To: "tech-kern%netbsd.org@localhost List" <tech-kern%netbsd.org@localhost>
Subject: Proposal for kernel clock changes
From: Dennis Ferguson <dennis.c.ferguson%gmail.com@localhost>
Date: Fri, 28 Mar 2014 18:16:23 -0400
I would like to rework the clock support in the kernel a bit to correct
some deficiencies which exist now, and to provide new functionality.  The
issues I would like to try to address include:

- It has become common for systems to include clocks which are unsuitable
  for use as the time source for the system clock but which are none-the-less
  useful because they are the timestamp source for (hardware) measurements of
  external events.  The most frequently encountered example of this may be the
  counter included in many Ethernet MAC chips which is sampled when IEEE 1588
  packets are sent and received; many systems may have more than one of these.
  Peripherals which hardware timestamp other types of events (e.g. signal
  transitions, like the PPS output of a GPS receiver) are often found in
  integrated SoCs, as are devices which use a free-running counter to generate
  events.

  Making all of these "measurement" clocks useful to the system seems to
  require two things.  It first requires that each of these clocks be visible
  to and indepently adjustable via a clock adjustment interface.  The only
  thing one can do with accurate-in-time external events which are measured
  with a particular clock is to use the information to adjust that particular
  clock into synchronization, so each such clock must be independently
  adjustable.

  The second requirement is that it must be possible to measure the times
  of independent pairs of clocks in the system against each other as
  precisely as possible, perhaps with a sequence of the form

    read clock A
    read clock B
    read clock A

  to provide an estimate of both the offset between the clocks and the
  uncertainty/ambiguity of the measurement itself.  The reason for this
  is that having a precisely synchronized measurement clock in, say, an
  Ethernet MAC chip is clearly fairly useless by itself.  Its time becomes
  useful only when it can be transferred to the system clock and/or other
  clocks in need of synchronization so that other applications can use it too.
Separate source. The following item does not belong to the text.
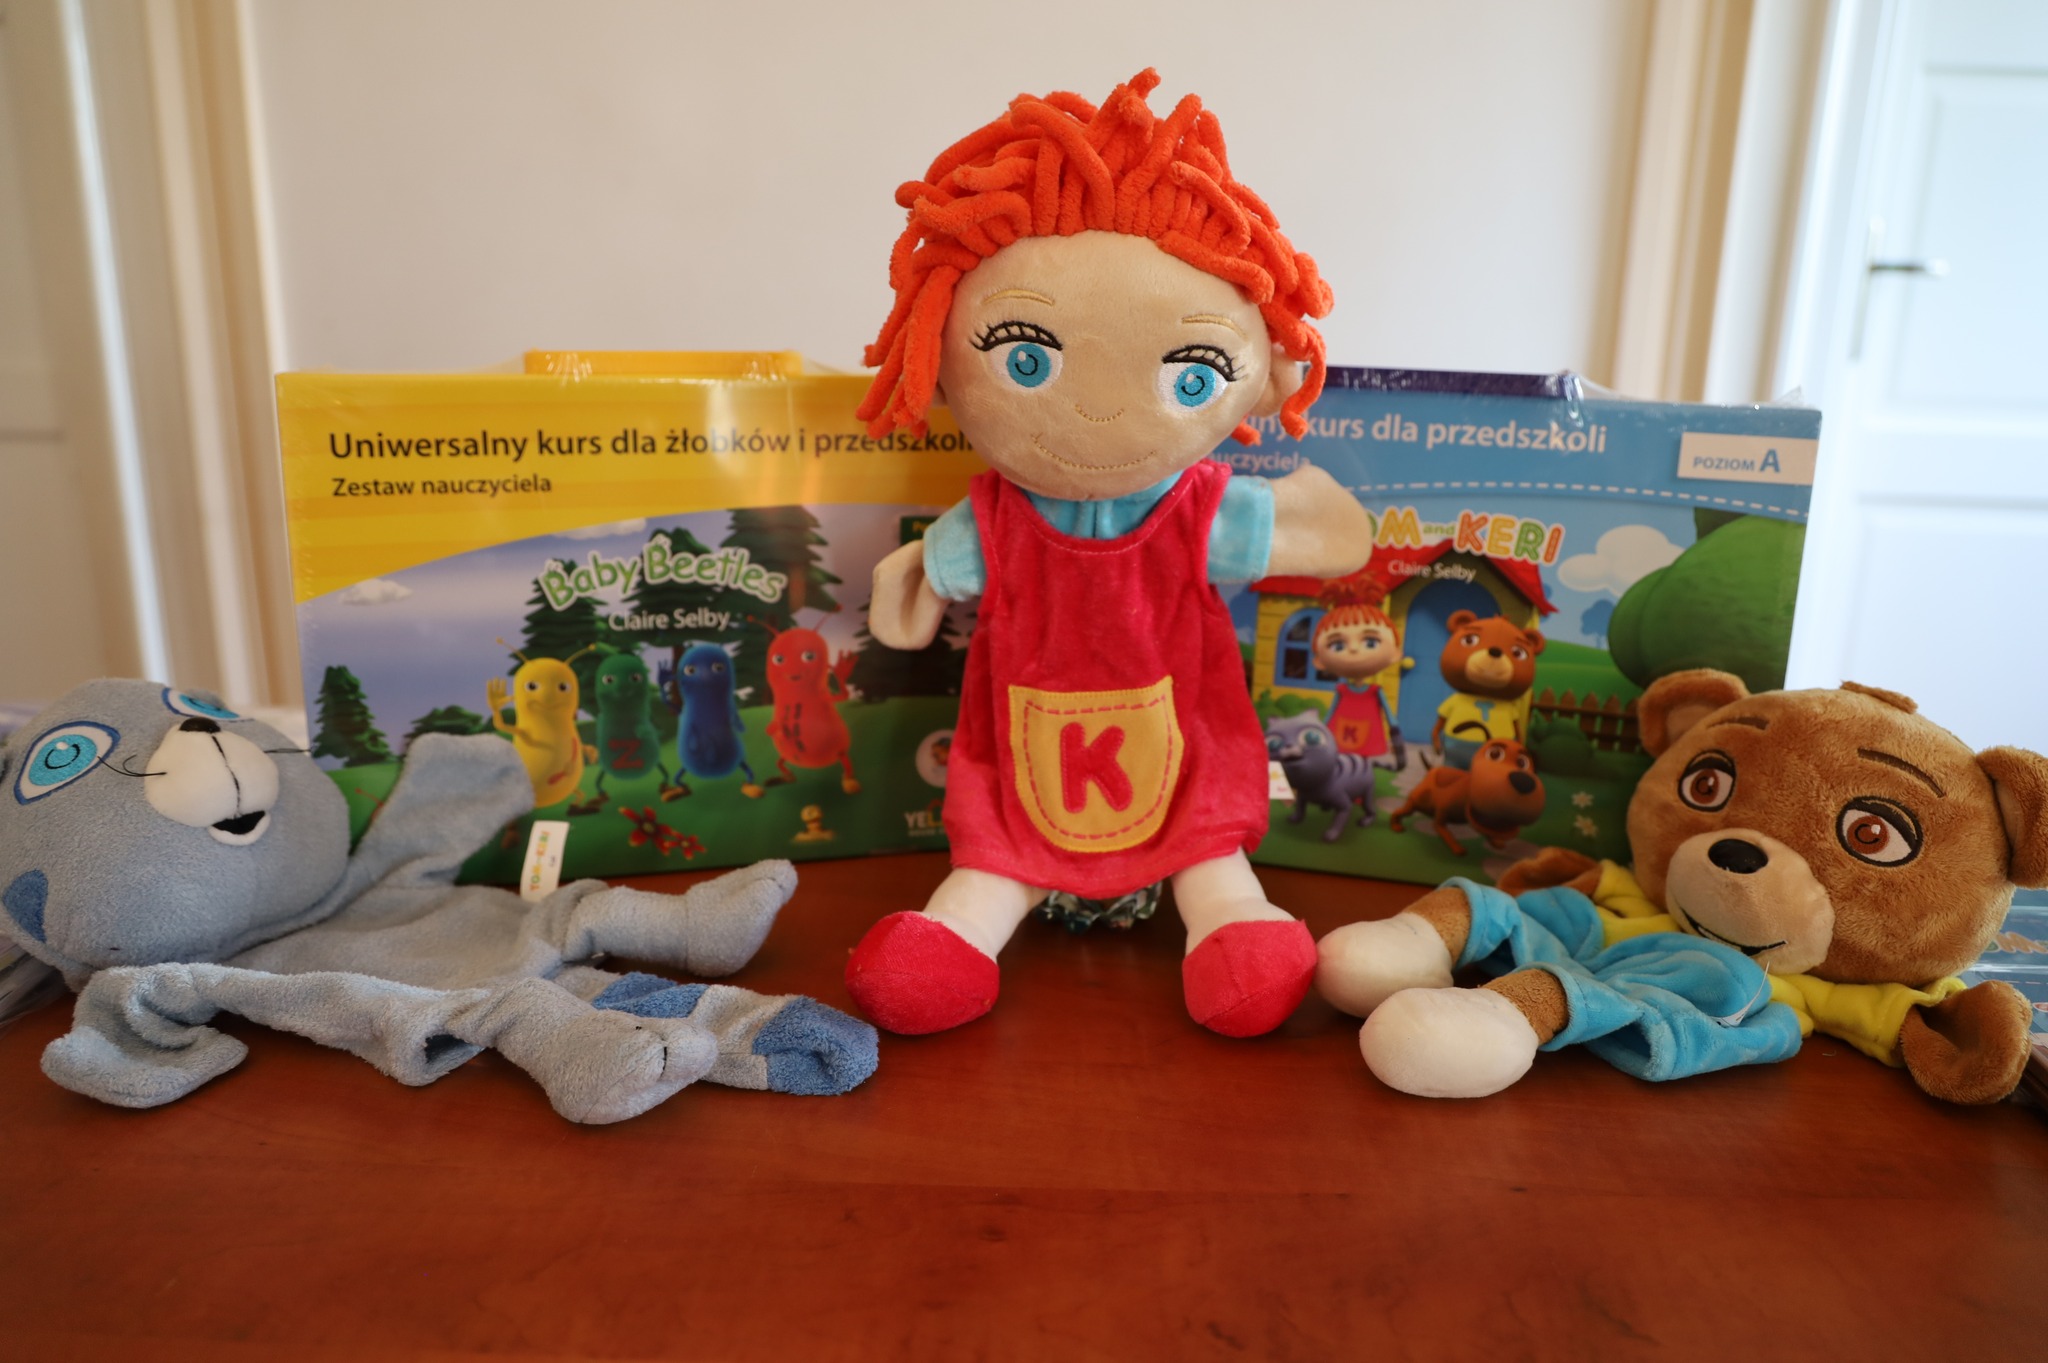 Materiały edukacyjne Międzynarodowego Programu Powszechnej Dwujęzyczności przeznaczone dla dzieci oraz nauczycieli z ostrowskich przedszkoli.

- Acquiring a timestamp from a clock is generally done by (1) reading a
  value from a hardware register, then (2) manipulating the value and doing
  the arithmetic necessary to convert it to a time of day.  I would like
  to be able to separate (1) from (2), storing the raw output from the
  hardware now (I've been calling this a "tickstamp") but deferring the
  work of converting it to a meaningful timestamp until a bit later.  An
  example use of this might be to tickstamp every packet arrival early
  in a network controller's interrupt routine but only go to the trouble
  of converting the tickstamp to a timestamp if the packet arrives
  somewhere which cares about this (e.g. an NTP or PTP socket), with
  unused tickstamps perhaps being donated to the random number pool.

  Event timestamping has many uses, and with a suitably inexpensive hardware
  time source capturing event times in tickstamp form has many advantages.
  It minimizes the overhead in the case that not all tickstamps are
  consumed as timestamps, it often allows the bulk of the work of acquiring
  a timestamp to be moved from time critical code to code with more relaxed
  constraints, and is probably the most appropriate way to provide random
  number pool entropy.  The clock-pair polling above might be implemented as

    read clock A tickstamp
    read clock B tickstamp
    read clock A tickstamp

  with the corresponding timestamps being sorted out after the time-critical
  polling code segment has been completed.  It might also be possible to
  provide arithmetic functions computing nominal time intervals directly
  from tickstamps themselves to make the implementation of things like
  Codel's packet timestamping more economical.

- The fundamental problem that clock synchronization software needs to
  deal with is that the oscillator (likely a crystal soldered to a board
  somewhere) driving the clock the software is trying to keep correct
  makes errors: the output frequency of the oscillator usually differs
  considerably from the number written on its package and will measurably
  vary with time.  The operating system will likely be setting the rate
  of advance of the digital clock being driven by the oscillator based on
  the number written on the oscillator's package, the job of clock
  synchronization software is to measure the actual frequency of the
  oscillator and to update the clock's rate of advance to match.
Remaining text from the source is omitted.